Our camp drew a wolf tag for MN this year, I need some tips, we see them from time to time while deer hunting, but now that I can shoot one I need to get serious about it, I was thinking of just going to known spots with a caller? I don't think you can put a road kill deer or anything out but I need to check regs? 

Sent from my Desire HD using Ohub Campfire mobile app


----------



## WAUB-MUKWA (Dec 13, 2003)

You have to locate them first like you do turkeys. How many days you have to hunt? They can move 25 miles overnight if they want to. Roadkill could take over a week before anything smells it. If you can have somebody locate them before you get there or know they are in an area you have a better chance.


----------



## Fishnmachine (Feb 21, 2006)

I can have somebody that can locate them and bait for me starting now, thought was to use beavers because they are around to trap. I just don't want to make them used to the bait and they start coming in at night, maybe they won't even do that? I was there this weekend and there was areas with a lot of fresh sign, but I won't be hunting until Nov 8th. 

Sent from my Desire HD using Ohub Campfire mobile app


----------



## WAUB-MUKWA (Dec 13, 2003)

They'll make their rounds so its hard to say. Too much activity could make them nocturnal. A trail cam is good to get out as soon as they can too.

They would have to make some howl surveys to see how many packs are in that area. When I do it I make a pot of coffee and fill up the thermos and stay out all night running the logging roads. Talk to the dnr too and ask about pack activity or even dog/wolf encounters. Talk to the farmer, they know a lot too.

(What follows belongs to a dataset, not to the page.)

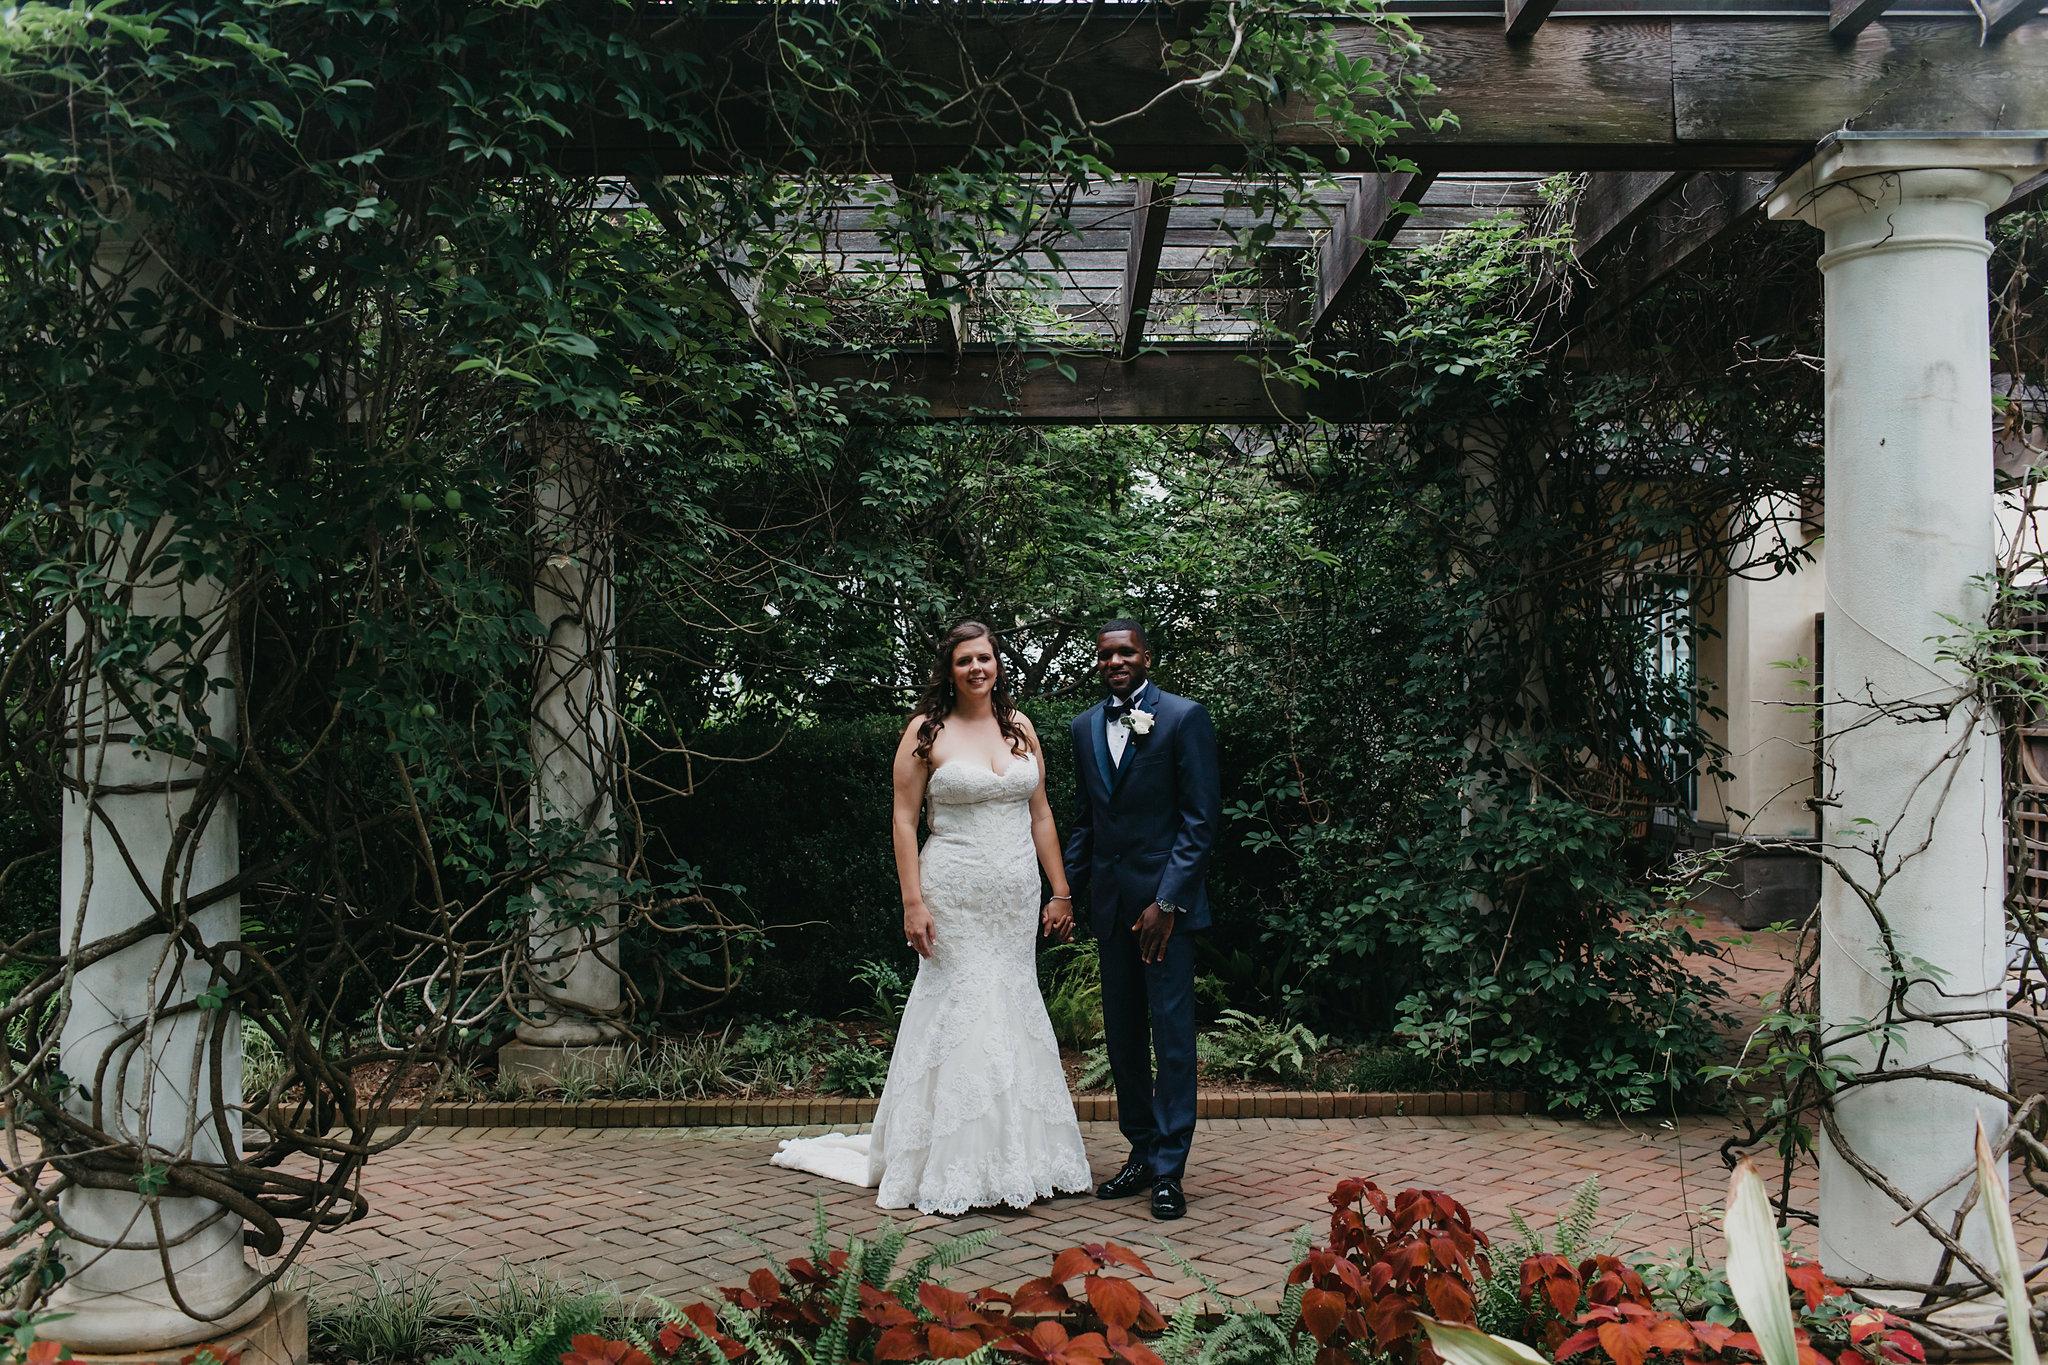 Daniel Stowe Botanical Gardens, Belmont, NC Photography: Kasey Loftin

When they see you are serious you'll get permission to hunt there maybe too. I never had any luck getting permission to hunt deer but coyote and wolf is another thing


----------



## Fishnmachine (Feb 21, 2006)

Ok I will have everybody keep an eye out, there is no farms or even much private land around where I hunt, really just big woods, swamps, and ponds. They always get howling after opening day when they get on wounded deer, the season is the same time as deer season, I will for sure bait with a trail cam October and see what activity happens. 

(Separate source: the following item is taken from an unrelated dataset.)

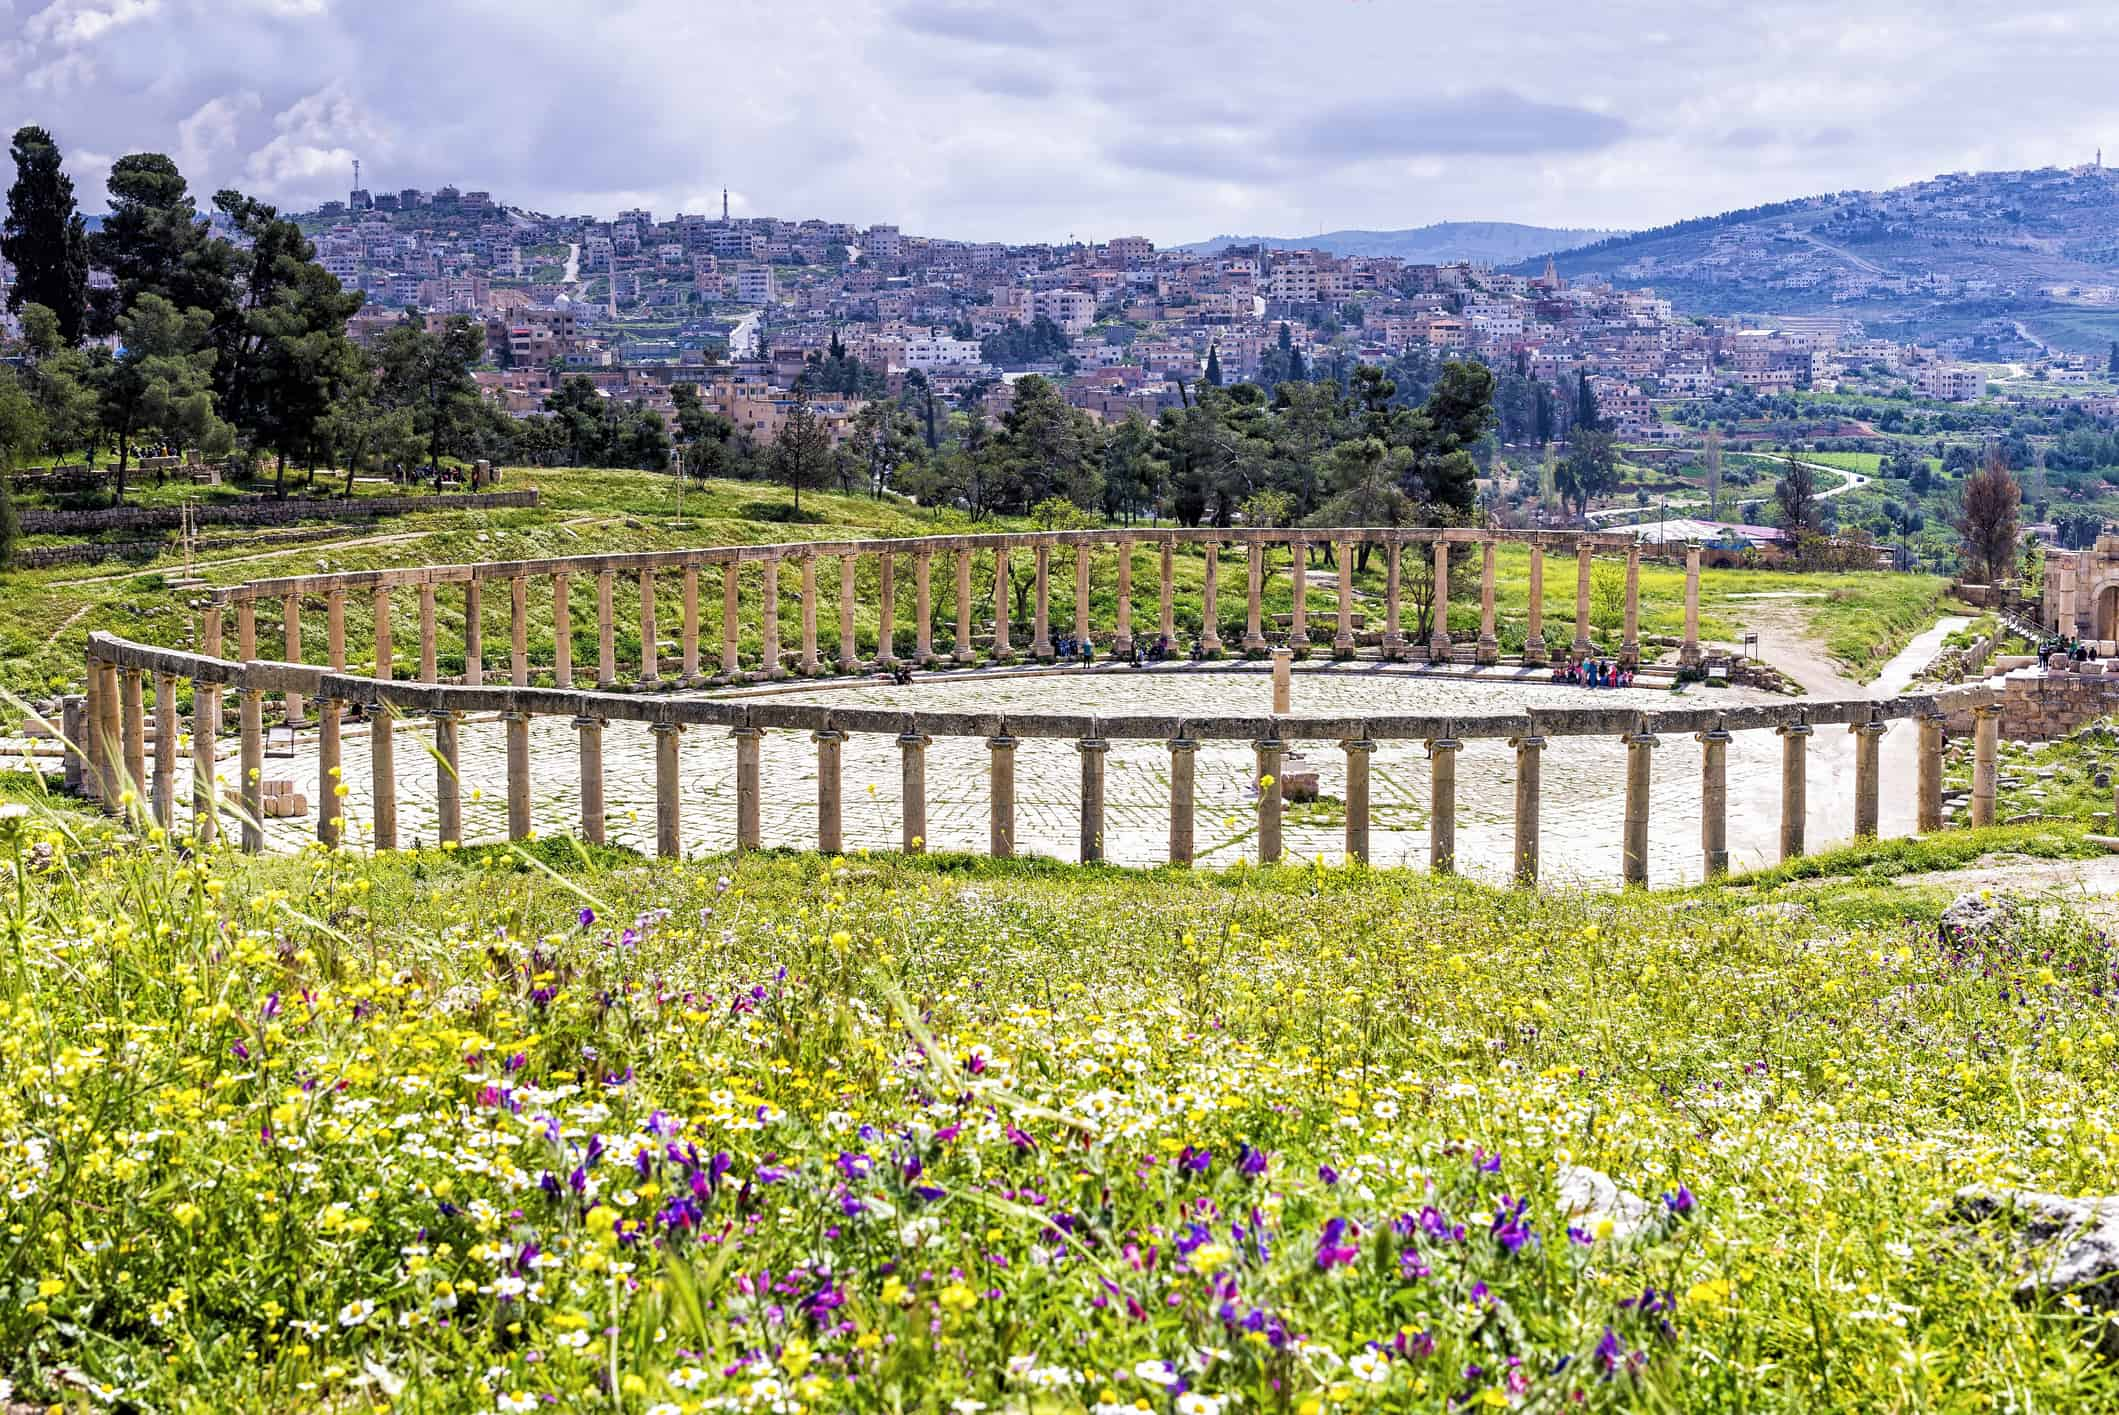 The Oval Forum colonnade in ancient Jerash, Jordan

Sent from my Desire HD using Ohub Campfire mobile app


----------



## seespyder (Jan 12, 2012)

Good luck.


----------



## WAUB-MUKWA (Dec 13, 2003)

Fishnmachine said:


> Ok I will have everybody keep an eye out, there is no farms or even much private land around where I hunt, really just big woods, swamps, and ponds. They always get howling after opening day when they get on wounded deer, the season is the same time as deer season, I will for sure bait with a trail cam October and see what activity happens.
> 
> Sent from my Desire HD using Ohub Campfire mobile app


Try to be set up in a few different areas. Trail cams are $50 now at Walmart so I put out close to a dozen in my stand spots all over. When only one howls the others are somewhere else so be keen to your senses. What area are you at? I'm familiar a little with N Minn from the arrowhead side.


----------



## Fishnmachine (Feb 21, 2006)

SE of I-falls kind of in the Mesabi Range close to the boundary waters, about an hour north of the range cities on 53. 

Sent from my Desire HD using Ohub Campfire mobile app


----------



## WAUB-MUKWA (Dec 13, 2003)

Ok, that's a good area for wolves. Good luck. Hope you connect with one.


----------